Un programa todavía en construcción
El proyecto ha evolucionado desde que Portugal recibió la organización. La presentación inicial contemplaba más de 700 participantes procedentes de 34 países, doce días de actividad y cinco deportes: balonmano, fútbol, vóley, lucha y rugby playa. También se anunció una modalidad denominada Beach Ultimate Tennis como exhibición. El programa definitivo ha quedado reducido a alrededor de 600 integrantes de las delegaciones, 31 países y regiones, cuatro deportes y seis días de competición. FISU no ha explicado esta revisión como un retroceso, pero las diferencias muestran que la organización continúa ajustando la dimensión y el contenido de una propiedad creada hace solo dos años.

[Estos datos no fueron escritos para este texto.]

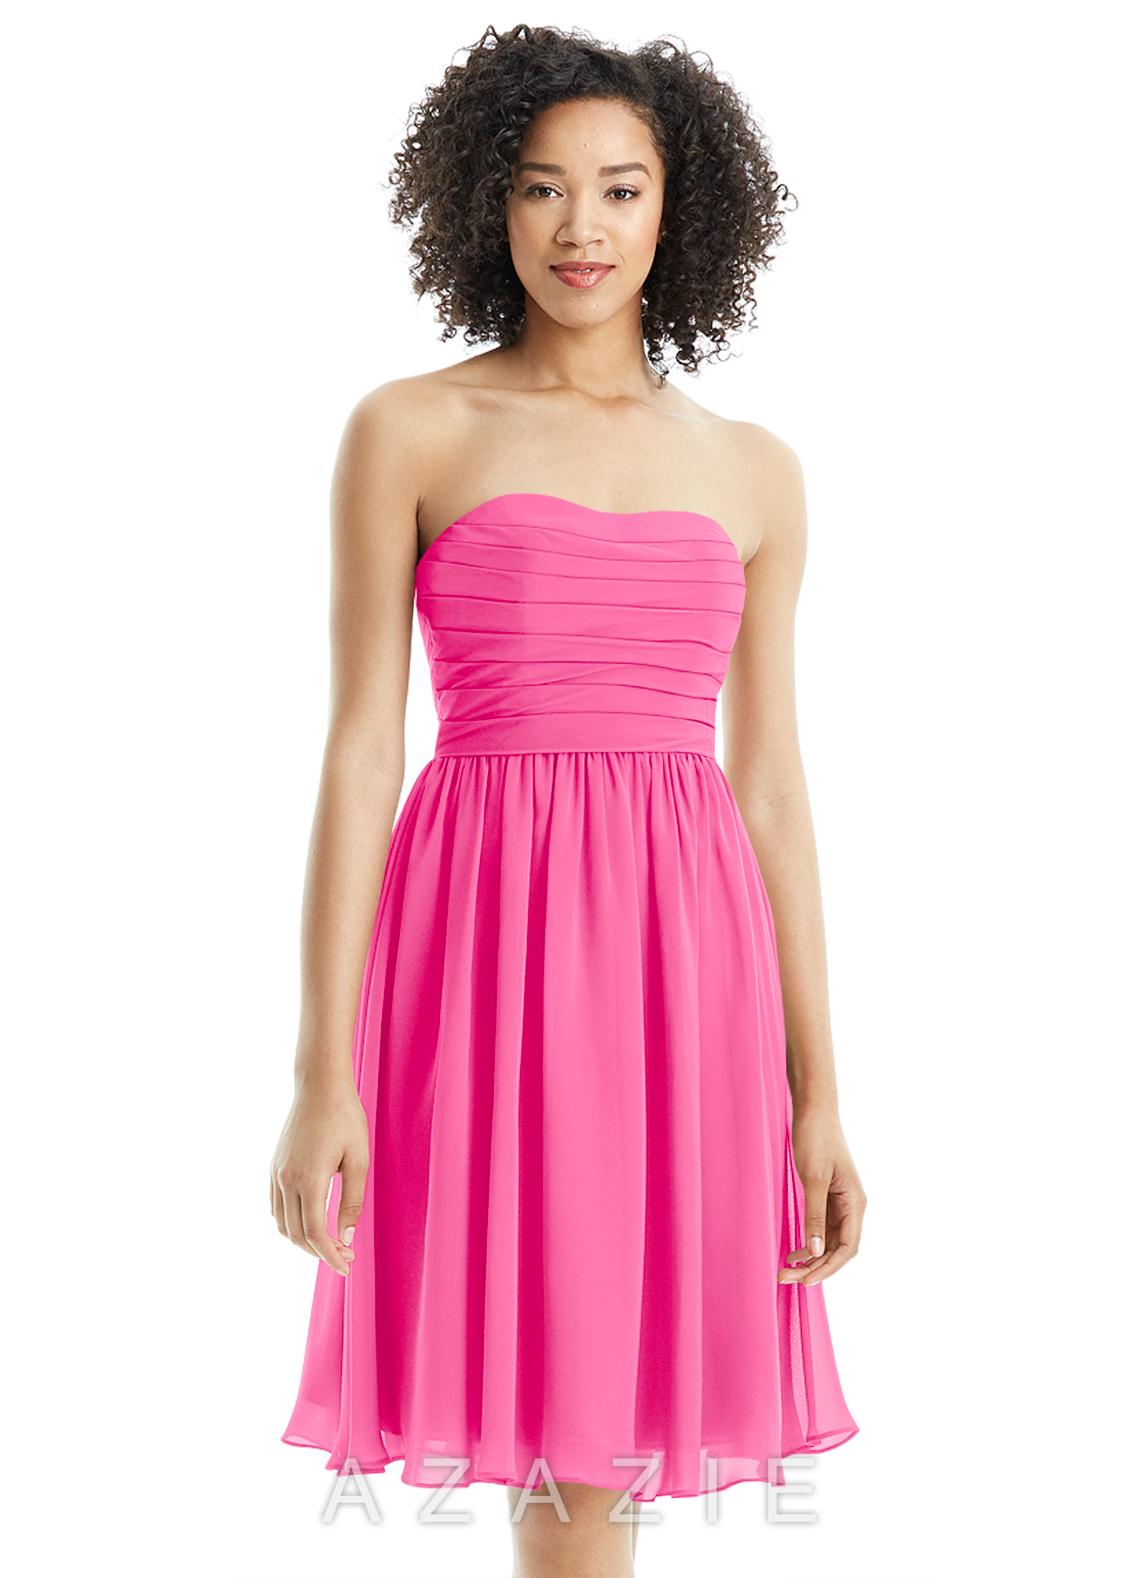 15dbe3d0921 Azazie Kaiya Bridesmaid Dress
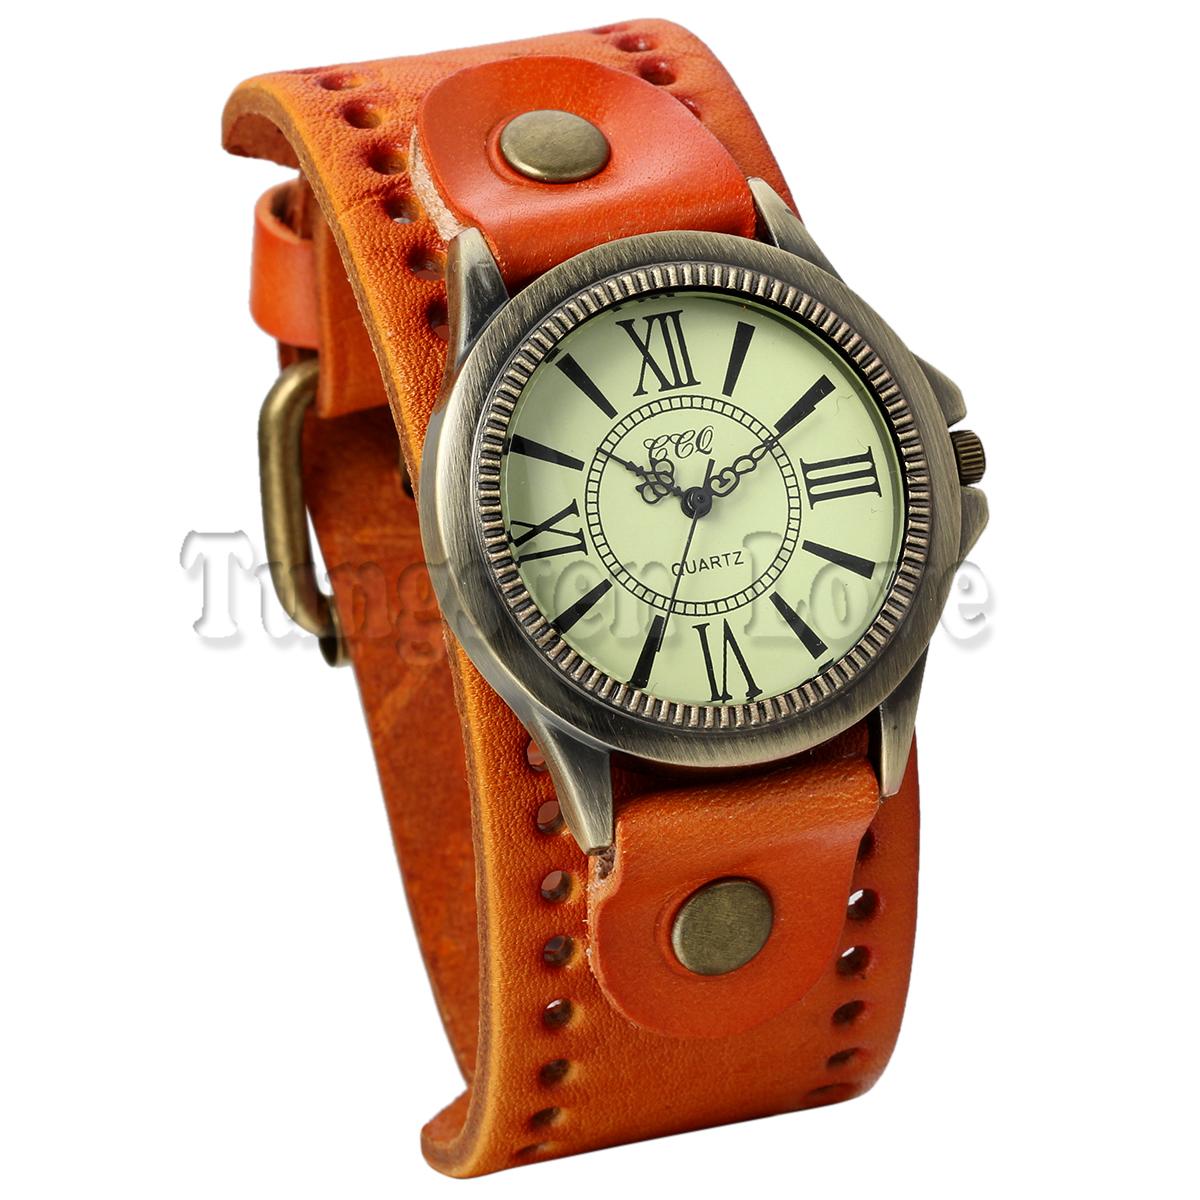 TungstenLove Vintage Leather Bracelet Watch With Antique Brass Bronze Tone Bezel(China (Mainland))

El presidente de la Federação Académica do Desporto Universitário -FADU Portugal- y del comité organizador, Diogo Salgado Braz, considera que la celebración constituye “un hito de gran importancia para el deporte universitario en Portugal” y una demostración de la capacidad organizativa de sus instituciones de educación superior. El presidente de FISU, Leonz Eder, ha situado el campeonato dentro de una experiencia que combina rendimiento, formación, convivencia y respeto entre deportistas universitarios. El calendario incluye además el 20 de septiembre, Día Internacional del Deporte Universitario, para el que FADU ha preparado actividades destinadas a participantes y miembros de la comunidad académica.

Universidad, turismo y economía azul
La organización reúne a FISU, FADU Portugal, la Universidad de Coimbra, el Ayuntamiento de Figueira da Foz y la Associação Académica de Coimbra, con el respaldo del Instituto Português do Desporto e Juventude y Turismo de Portugal. La participación universitaria no se limita a aportar deportistas o apoyo protocolario. El campus de Coimbra en Figueira da Foz desarrolla actividades de enseñanza e investigación vinculadas al mar y a la economía azul, por lo que el campeonato conecta la competición internacional con una estrategia académica y territorial ya existente. El municipio también presentó el evento en la feria turística BTL de Lisboa como una oportunidad para atraer delegaciones y visitantes y reforzar su identificación como destino de deporte y costa, aunque todavía no se ha publicado una estimación económica de ese impacto.
Figueira da Foz servirá finalmente para medir algo más que los resultados de cuatro campeonatos. FISU podrá comparar la participación con la edición inaugural, valorar la viabilidad de organizar varias disciplinas sobre una única playa y decidir si recupera modalidades inicialmente previstas o mantiene un programa más concentrado. También deberá comprobar si el formato ayuda a ampliar los cuadros de fútbol, balonmano y lucha sin perder la aportación del vóley como principal base internacional. Después de Río 2024 y de su primera edición europea, la continuidad del Mundial dependerá de que la federación convierta esa convivencia temporal entre cuatro deportes en una estructura reconocible para universidades, federaciones nacionales y futuras ciudades organizadoras.